We thought that the Ilala was a real experience but nothing could prepare us for what we were about to go through on the Lumani.
At a quarter of the size of the Ilala the Lumani had two levels: the lower level for mainly cargo and some unlucky humans and the top level for mainly unlucky humans and some cargo. The fact that it is smaller than the Ilala has not yet dawned upon the Malawians who try to fit the same amount of cargo on Lumani than they would have on a boat 4 times the size. When Clayton and Matt scrambled down the side of the boat to see how far they were with loading, eyes that were almost unable to move looked back at them in between boxes and bags.
Let me just take a minute to explain the cargo on the Lumani… The big-ass bags and boxes that came on the Ilala filled with potatoes, cassava etc did not go back empty. No… they went back filled with small dried out fish. The exact same fish they dried in Cape Maclear – the ones that smelled so bad I wanted to gag just walking past it. Now we were surrounded by it. Millions of small fish forced into bags filled to the brim smelling like only dried out fish can.
Getting on the Lumani can be summarised with these 3 points:
- Our little local boat that we took to get to the Lumani almost tipped over
- Clayton nearly lost a hand
- Matt pissed of the locals by stepping on their precious fish
Once we were settled in I prayed for a speedy trip while an old lady stood up and prayed for a safe passage. All heads were bowed in prayer and with a resounding AMEN! (which I hoped would also apply to my more selfish prayer) we set off for Chizumulu. I expected that some of the people would get off which would make it slightly more comfortable – we were already filled to the brim. Boy was I wrong.., for every one person that left 5 took their place and along with them came at least 10 bags or boxes of fish. At one stage we went to look if they were taking boxes and bags out at the other side because there was just no way that they could fit more into that boat. They weren’t and surprisingly they did.

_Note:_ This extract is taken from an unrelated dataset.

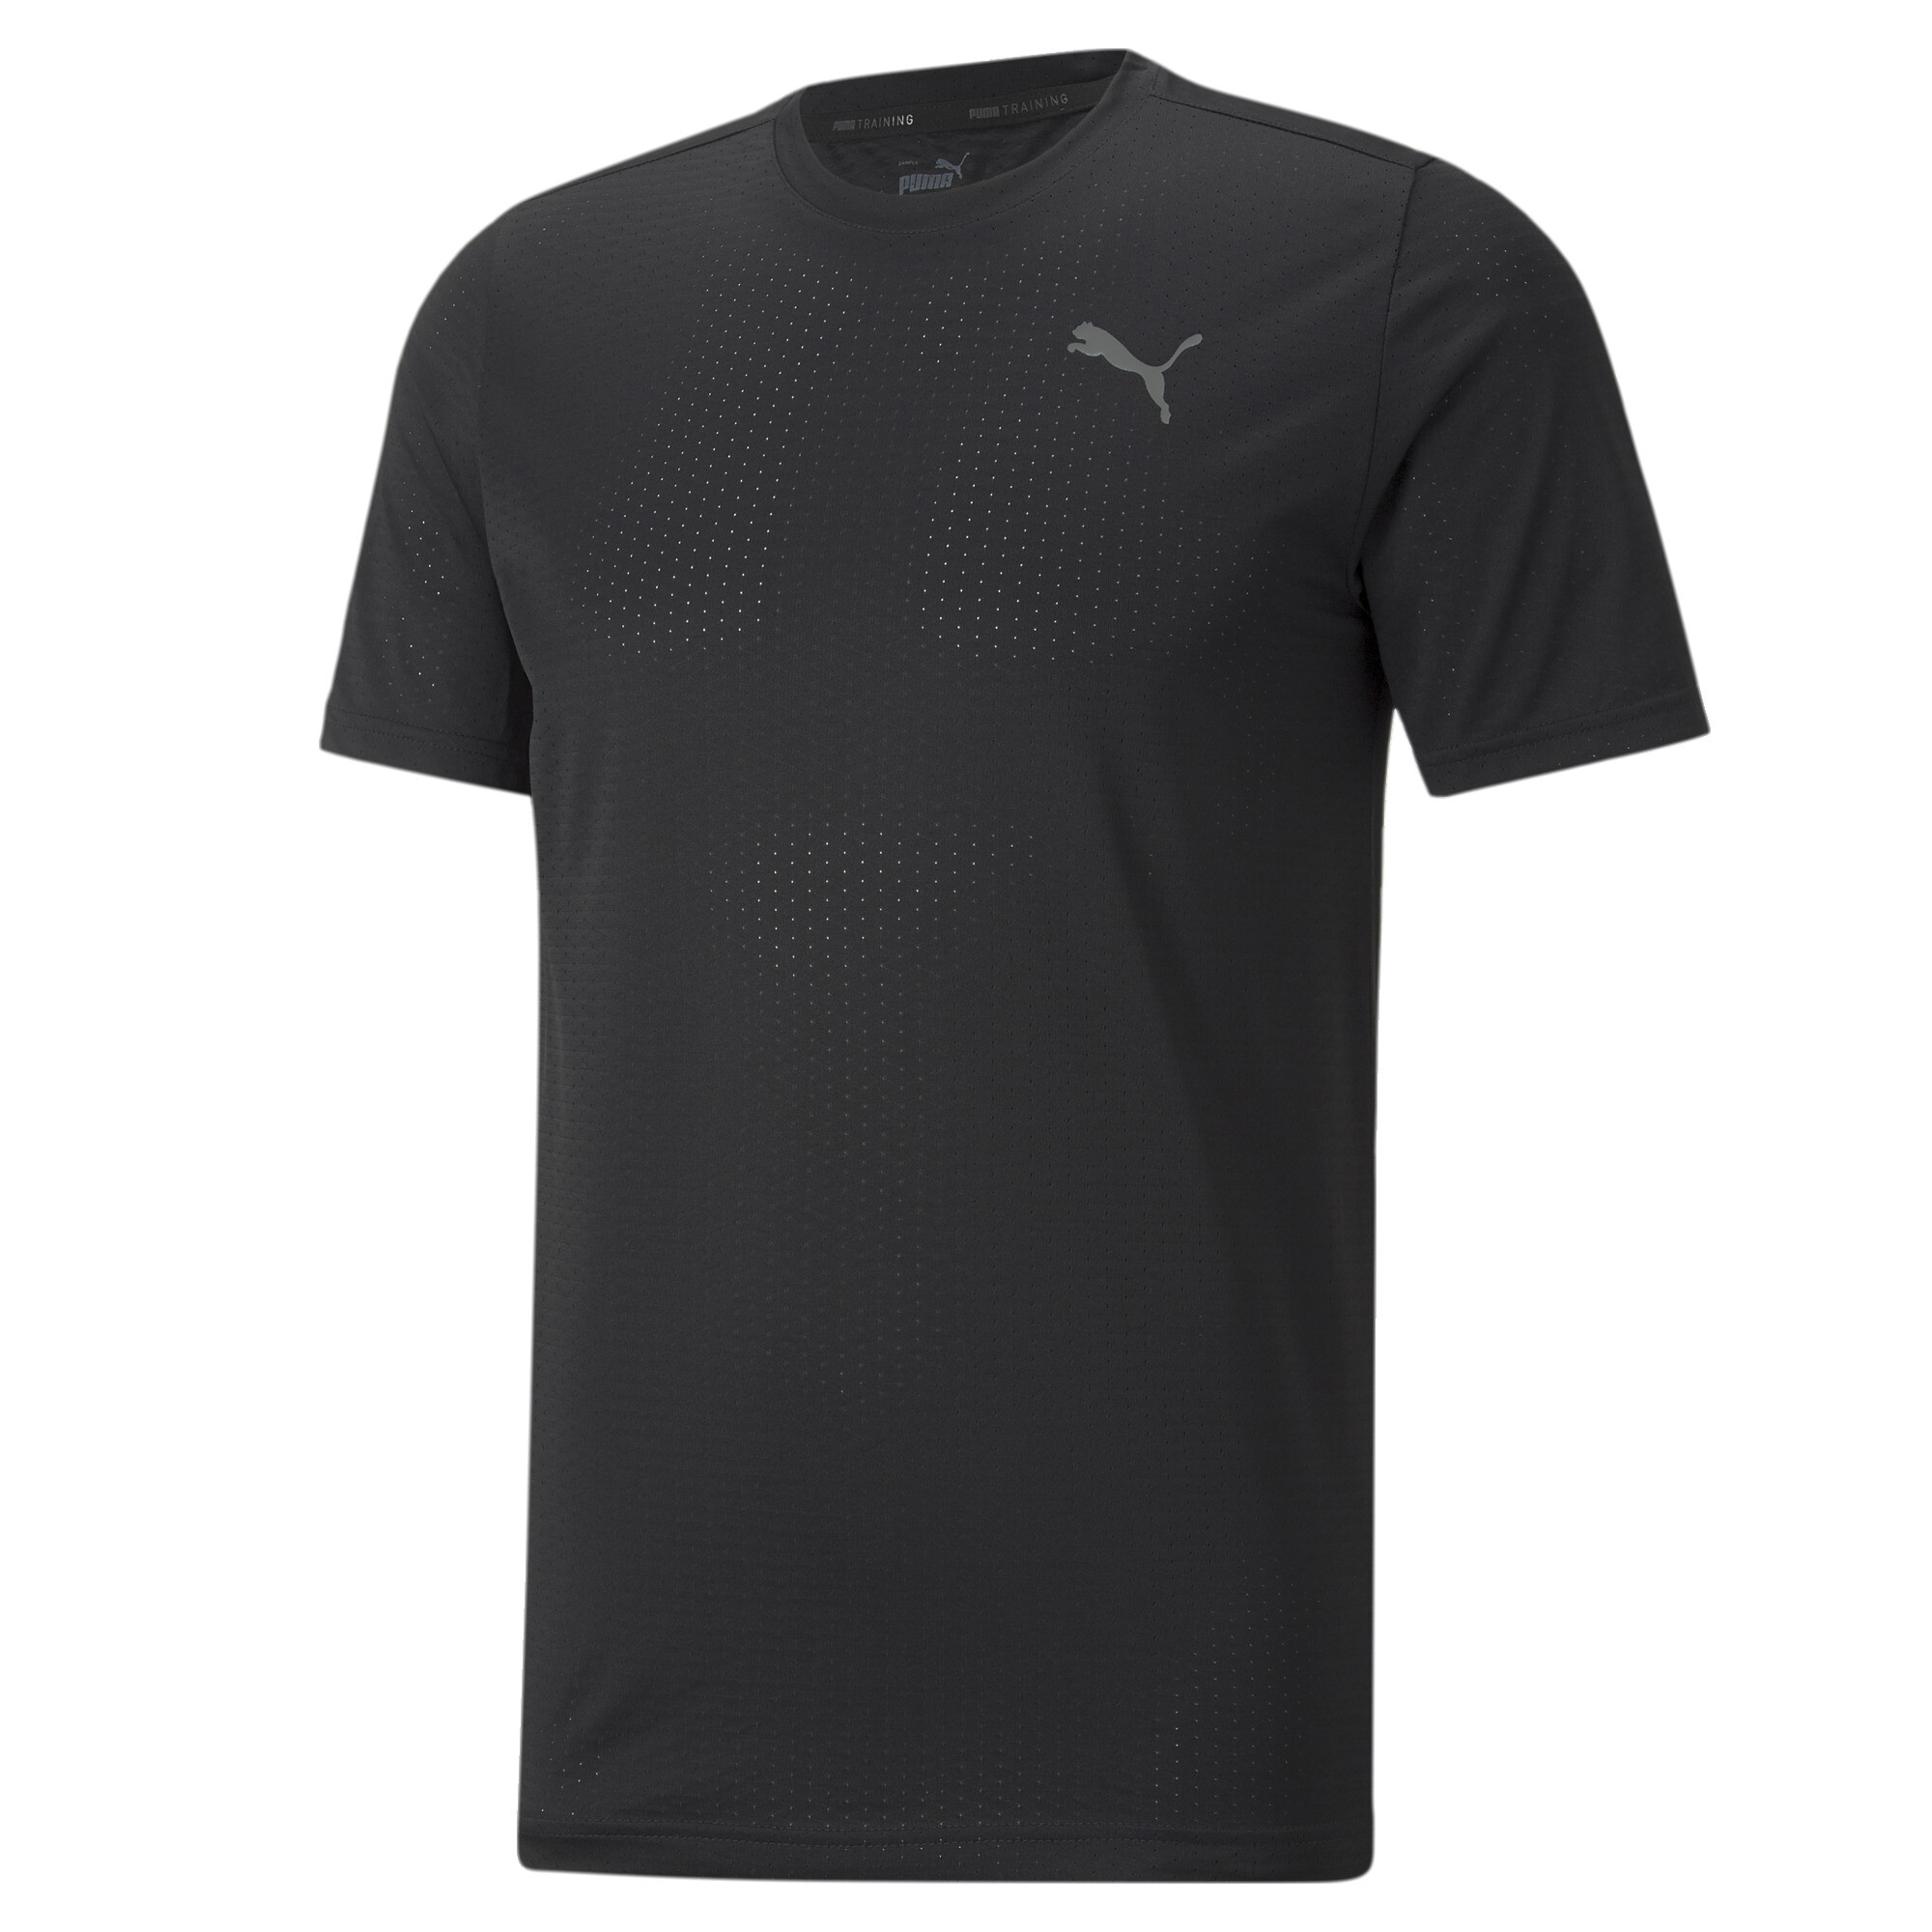 Men's Puma Favourite Blaster Training T-Shirt, Black, Size M, Clothing
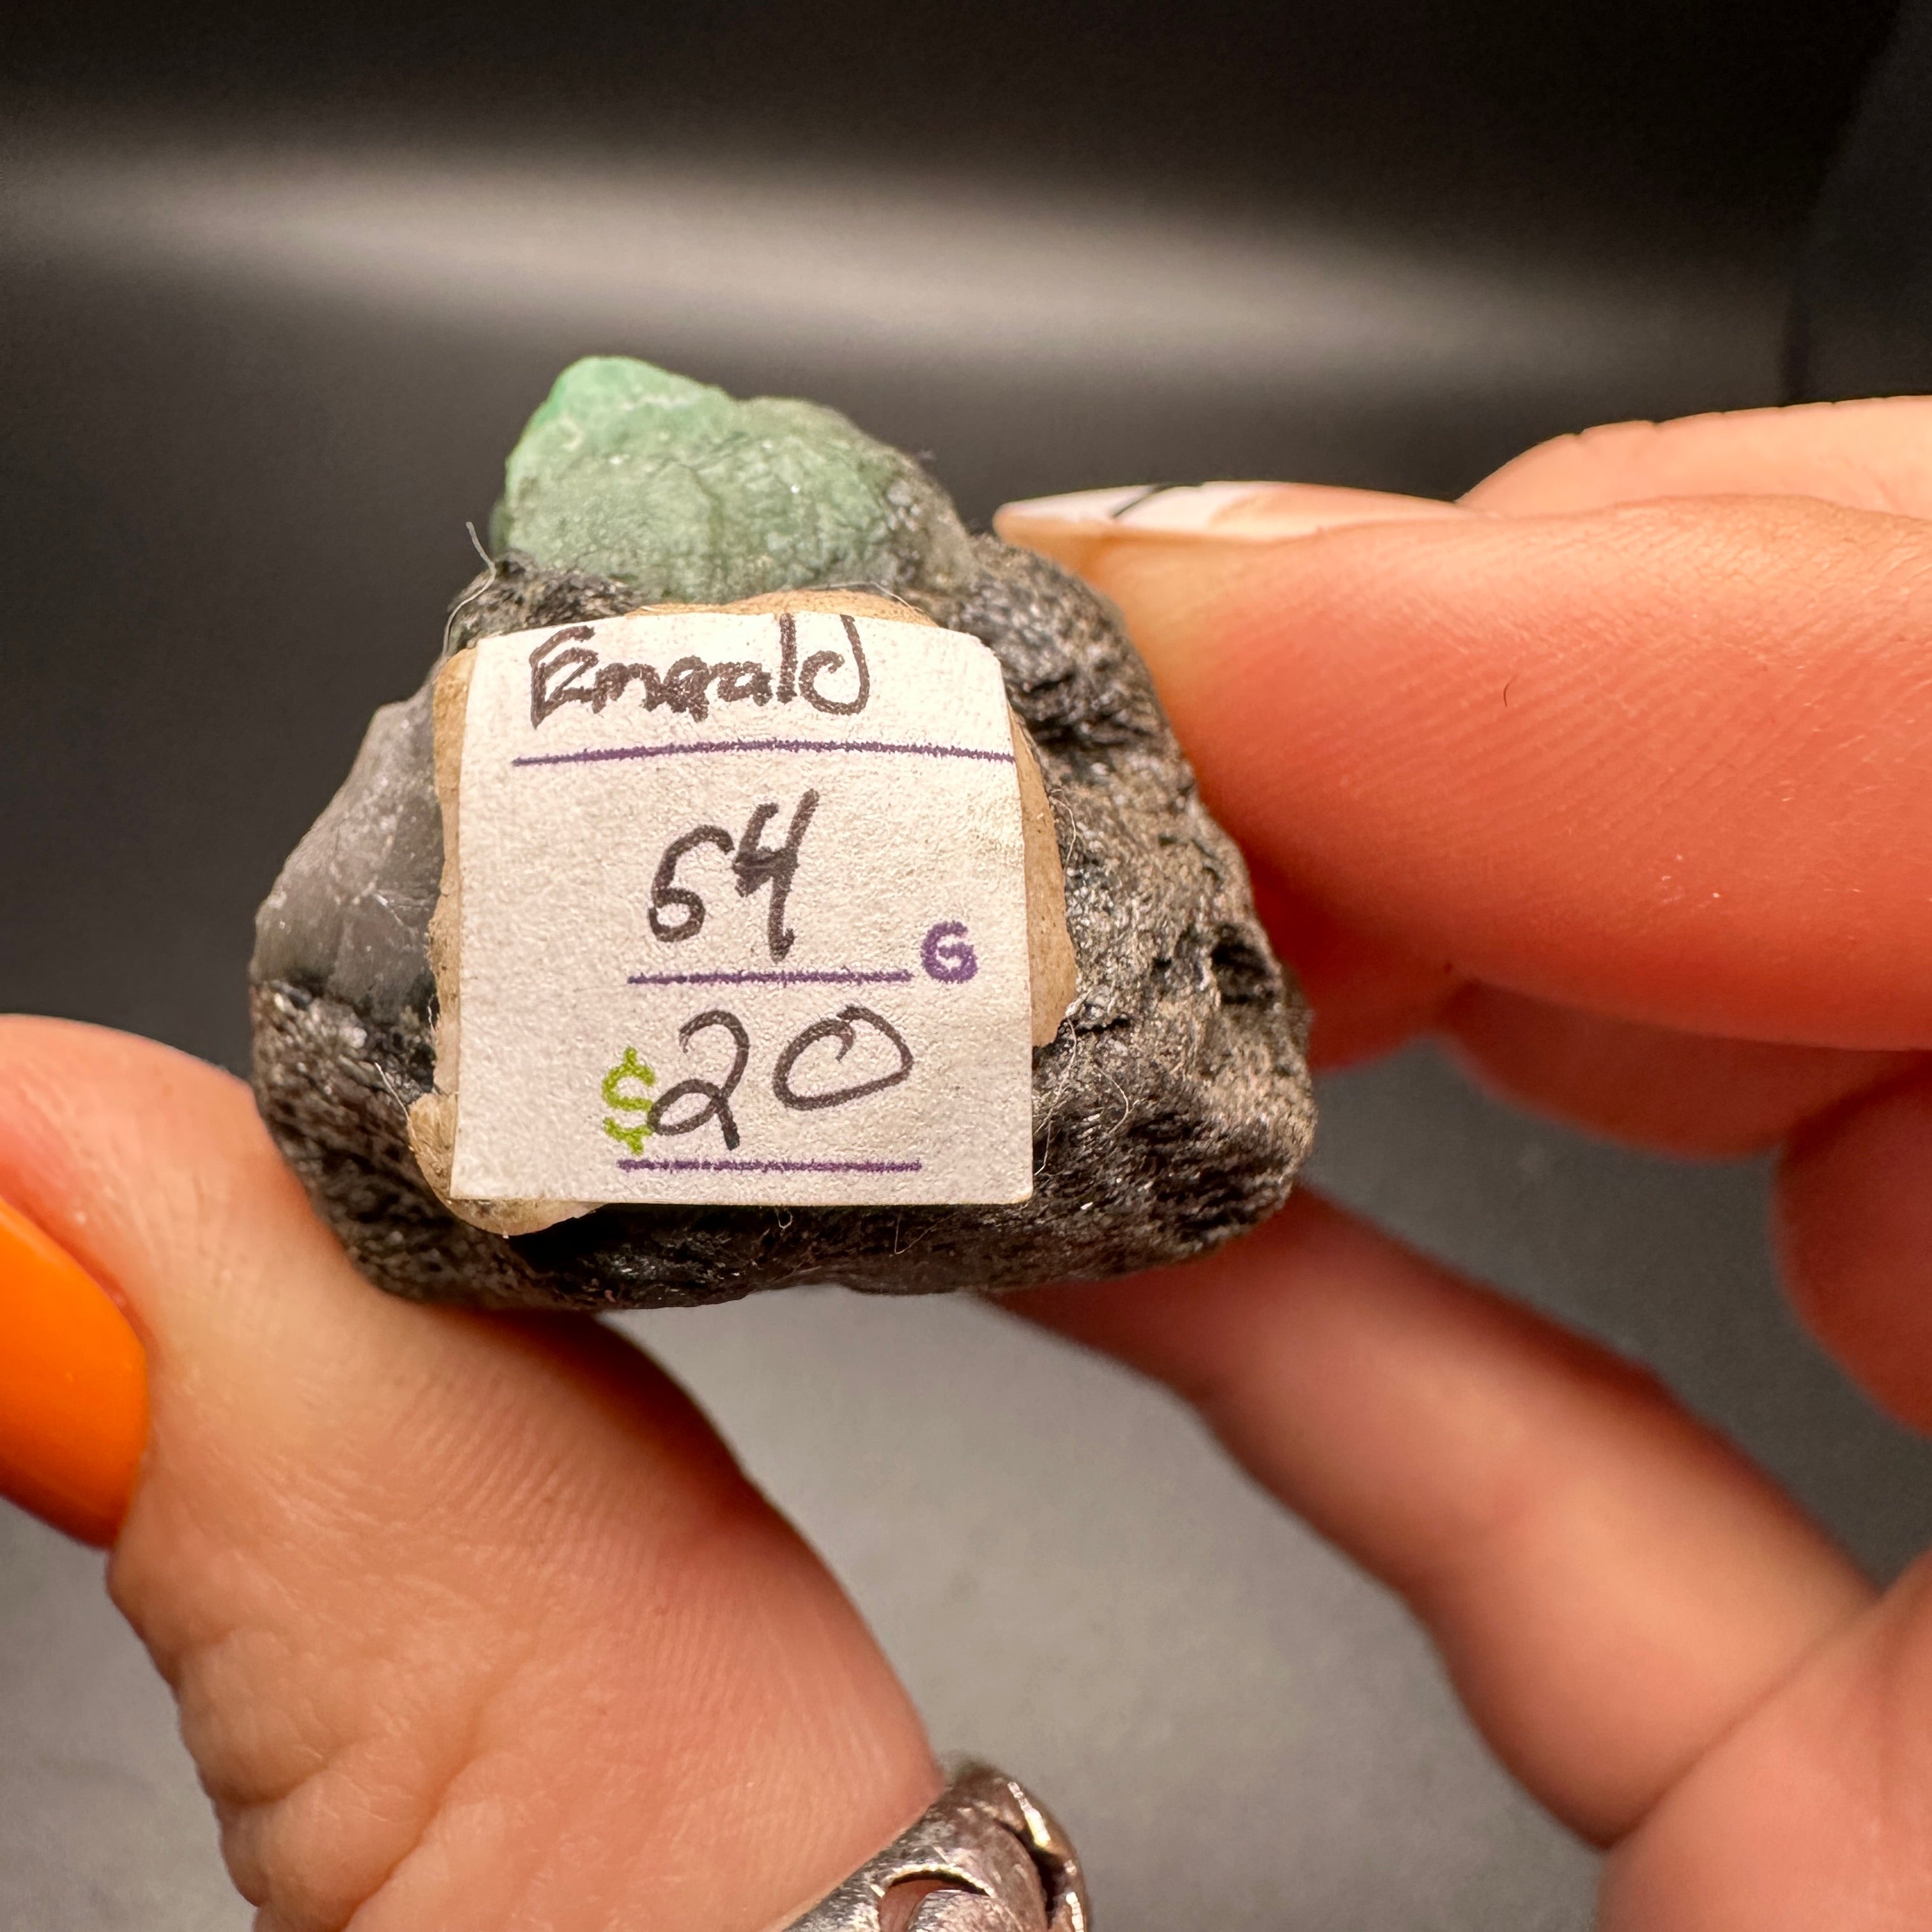 Emerald in Matrix Mineral Specimen

During our wait at Chizumulu some ladies from the island came on board, selling samosas, mangwenya, cold drinks, lollipops and popcorn. The lollipops came in handy as an air-refresher for Matt (he was sitting on a bag of fish) who was sticking the lollipop to his nose every couple of minutes.
We eventually left Chizumulu for Nkhata bay but 6 hours later we could still see the island while the mainland was nowhere in sight. It was always there when you looked back, like a nightmare that would not go away, reminding you that this ordeal is far from over. Only after another 2 hours the island could not be seen but its silhouette was at that point permanently etched into my mind.
After 12 hours on the water we safely reached Nkhata bay (at least one of the morning prayers were answered!). Once we were off the boat and looked back at it we understood just why the locals pray before they set off. As we silently watched the chaos on the boat we realized just how lucky we were to survive.
[A couple of days later the Lumani sailed back to Likomo through a cloud of black smoke coming from the engine. They had to turn around twice to take some cargo off (we could hear the shouting and fighting from where we were watching across the bay at Mayoka).]